Wednesday, July 09, 2008

Entertaining the Queen.

July 9 ...

Queen Elizabeth I arrived at Kenilworth, the home of her favourite, Robert Dudley, Earl of Leicester on this day in 1575. It was the highlight of her summer ‘progress’ (Royal Tour): the visit, the feasting, and the pageantry lasted eighteen days. Impressing the Queen was an expensive exercise and the honour cost Dudley an unbelievable thousand dollars a day.

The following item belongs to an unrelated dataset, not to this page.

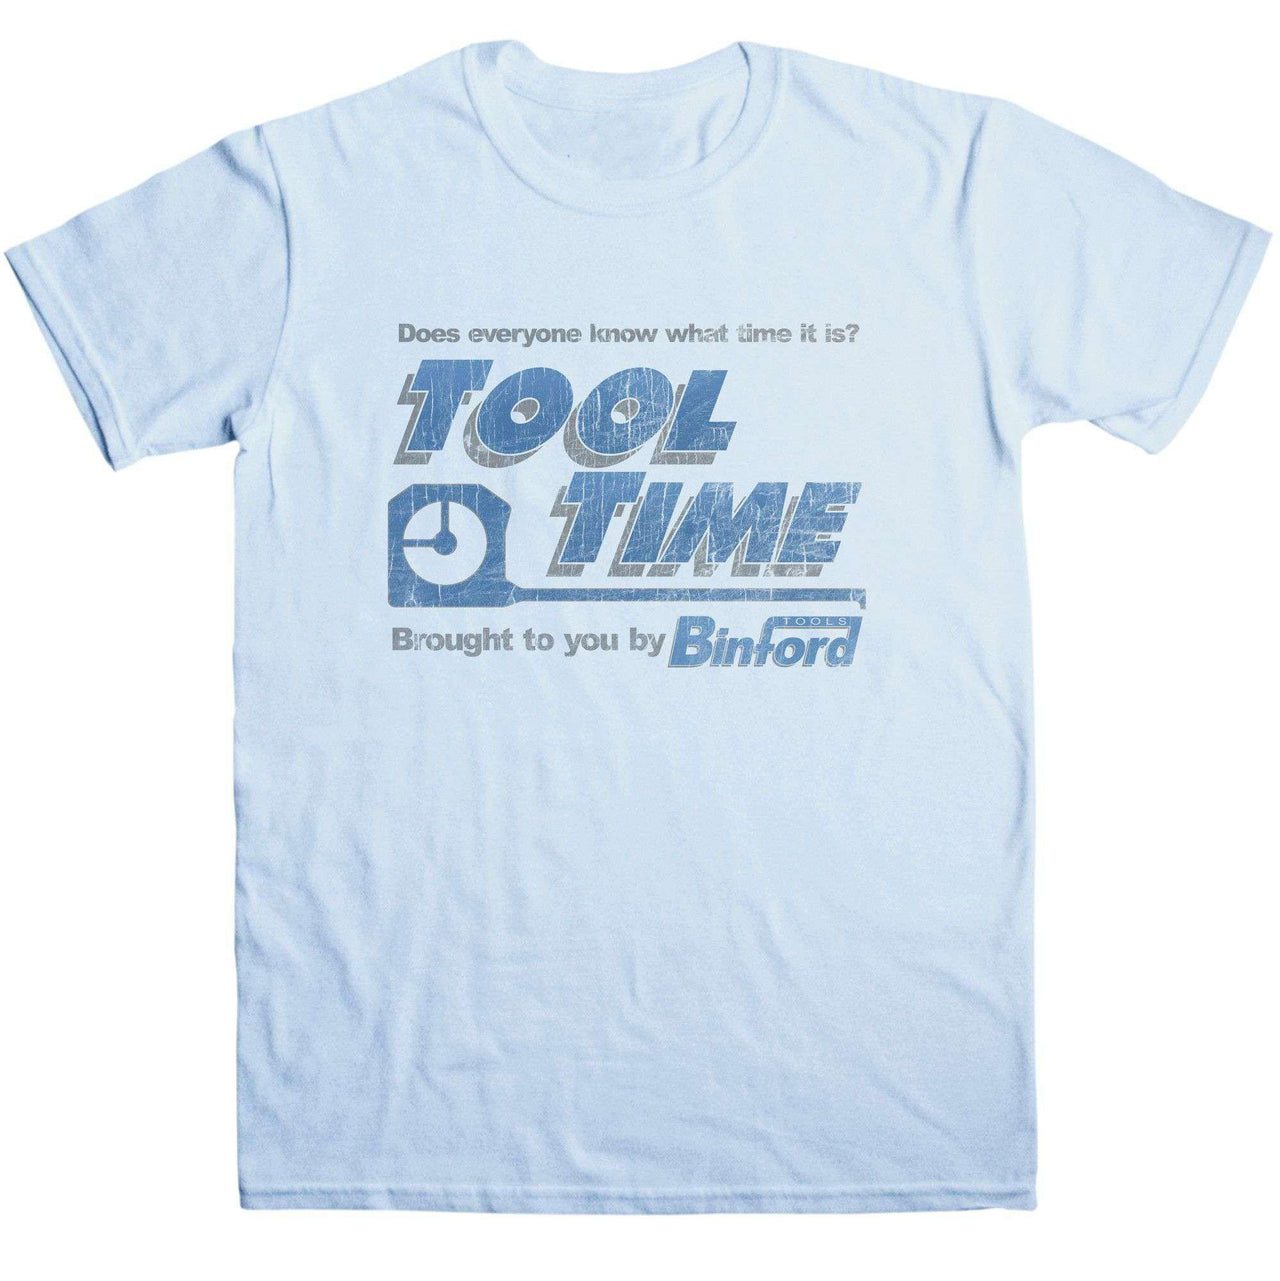 Tool Time T-Shirt For Men 8Ball

There was morris dancing, ‘sundry kinds of very delectable music’, play-acting, stag-hunting, bear-baiting, and all sorts of other frolicsome pastimes in addition to many extravagant dining experiences. The details of this fine little holiday were recorded by one Robert Laneham. He hints at the vast quantities of dainty viands and says that there were ‘full cups everywhere, every hour all kinds of wine’, but unfortunately for us does not give any detailed bills of fare. We must be satisfied with a general description of one of the banquets:

“After the play, out of hand followed a most delicious and (if I may so term it) an ambrosial banquet: whereof, whether I might more muse at the daintiness, shapes, and the cost; or else, at the variety and number of the dishes (that were three hundred), for my part, I could little tell then; and now less, I assure you. Her Majesty eat smally or nothing; which understood, the courses were not so orderly served and sizely set down, but were, by and by, as disorderly wasted and coarsely consumed; more courtly, methought, than courteously : But that was no part of the matter : it might please and be liked, and do that it came for, then was all well enough.”

I have chosen a chicken recipe for you from the Elizabethan era. Simple, but quite good enough to serve a Queen.

To bake a Capon with yolkes of Egges.
When the Capon is made redi, trusse him in to a Coffyn: then take .viii. yolks of egges sodden hard, a pick into every one of them, .v. Cloves, and put the yolks into the Coffyn with the Capon. Then take a quantitie of gynger and salt, and cast it upon the Capon and bake it .iii. houres. Then take .ii. raw yolkes of egges beaten into a Gobbett of veriuce, with a good quantitie of sugre sodden togither, put it into ye Coffyn and so serve it.
[A Treasurie of commodious Conceits, & hidden Secrets. John Partridge, published in 1573.]


Tomorrow’s Story …

Gravy, Part 1.

Quotation for the Day …

I never see an egg brought on my table but I feel penetrated with the wonderful change it would have undergone but for my gluttony; it might have been a gentle, useful, hen leading her chickens with a care and vigilance which speaks shame to many women. St. John de Crevecoeur.

1 comment:

Jayne said...

What a beautiful term - "ambrosial banquet".
It trips off the tongue with a flourish, bringing mental images of long tables covered in pewter plates filled with every delicacy one could imagine!